This week and next private schools everywhere will be getting ready to teach and everyone is making this the year to “get back to business.”
With Covid behind us, we can restart delayed projects, begin new initiatives, and upgrade programs. “The agenda for our opening meetings is packed,” I keep hearing.
That’s a mistake.
For your opening faculty meetings, I dare you to do any of the following:
Host an Olympiad of Scrabble, cribbage, and charades. (Humanities vs. sciences?)
Make animal balloons, finger paint paintings, and play dough sculptures.
Have small groups each invent a new school dance. (No phones are allowed anywhere near this room, obviously.)
Ask five faculty, two admins, and one parent to spend an hour to come up with much better versions of the above, a meeting that is pointless, communal, and fun.
Don’t like fun? O.K. Try this: Ask everyone to answer these two questions:
Why are you here?
Why are we here?
Let people write it out. Talk a little and then show the calendar date when you will get back to this conversation.
Because you and they and parents and kids need to know that school as will be cannot be school as was.
School is the greatest invention ever. People of different generations come together to look after one another in service of the future. Fantastic. So fantastic you might expect that the campuses of top schools where everyone is smart, caring, and well-protected would be overrun by skipping kids, smiling adults, and jolly staff.

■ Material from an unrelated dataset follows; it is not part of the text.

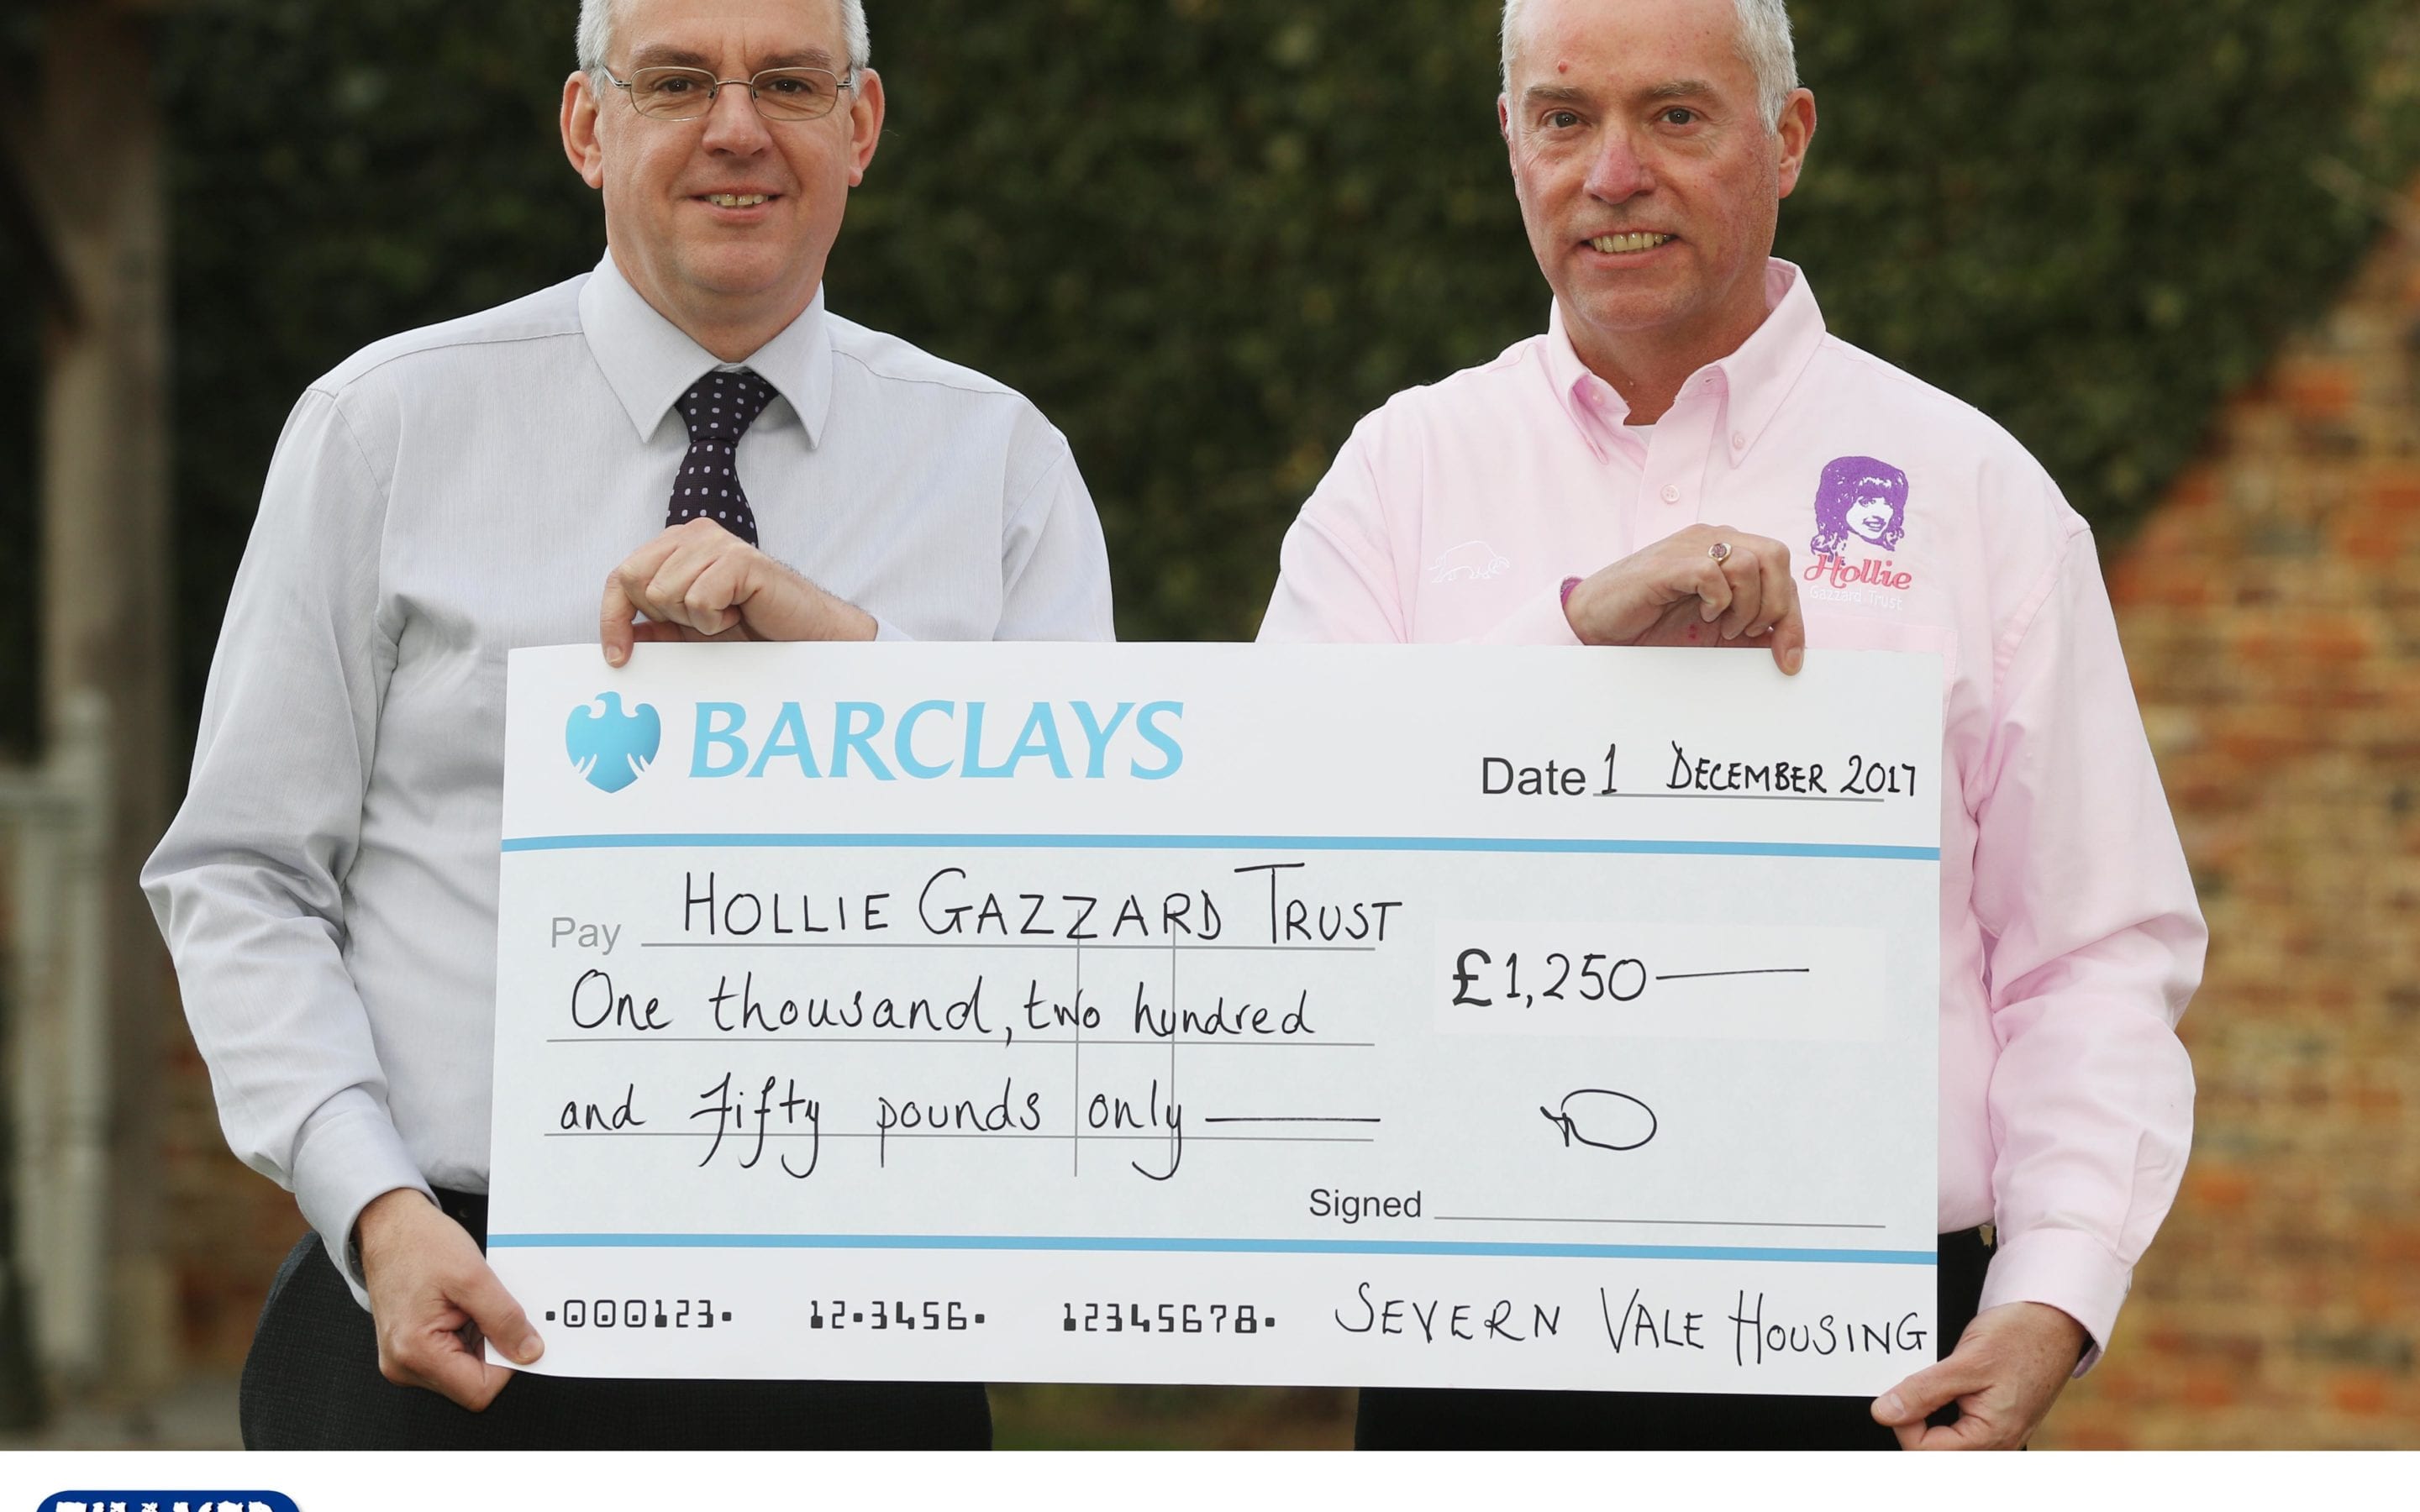 Severn Vale Housing present Nick Gazzard with a cheque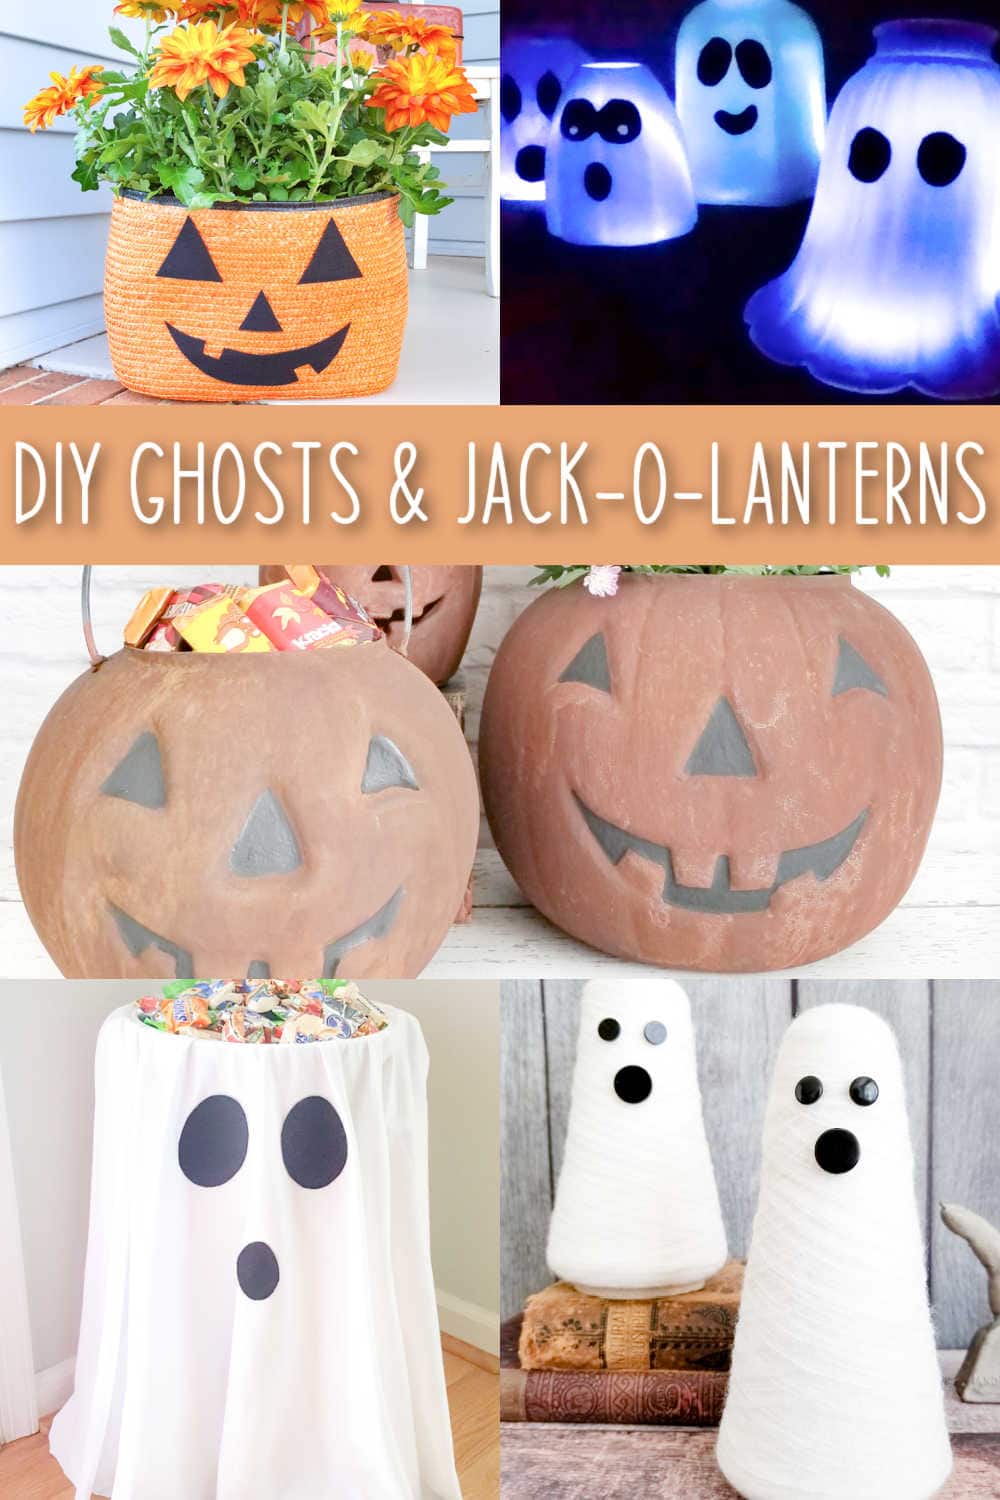 upcycling ideas for jack-o-lanterns and ghosts

But school is now fraught rather than healthy, at elite schools in particular. Students are unwell, faculty don't trust the administration, and nothing about getting on Zoom for two years helped address the anxiety and stress that were already peaking in 2020.
Address it now. Change what you are doing now. Rather than recycling the same disconnection do something different. Insist--as but one example--on fun. I dare you.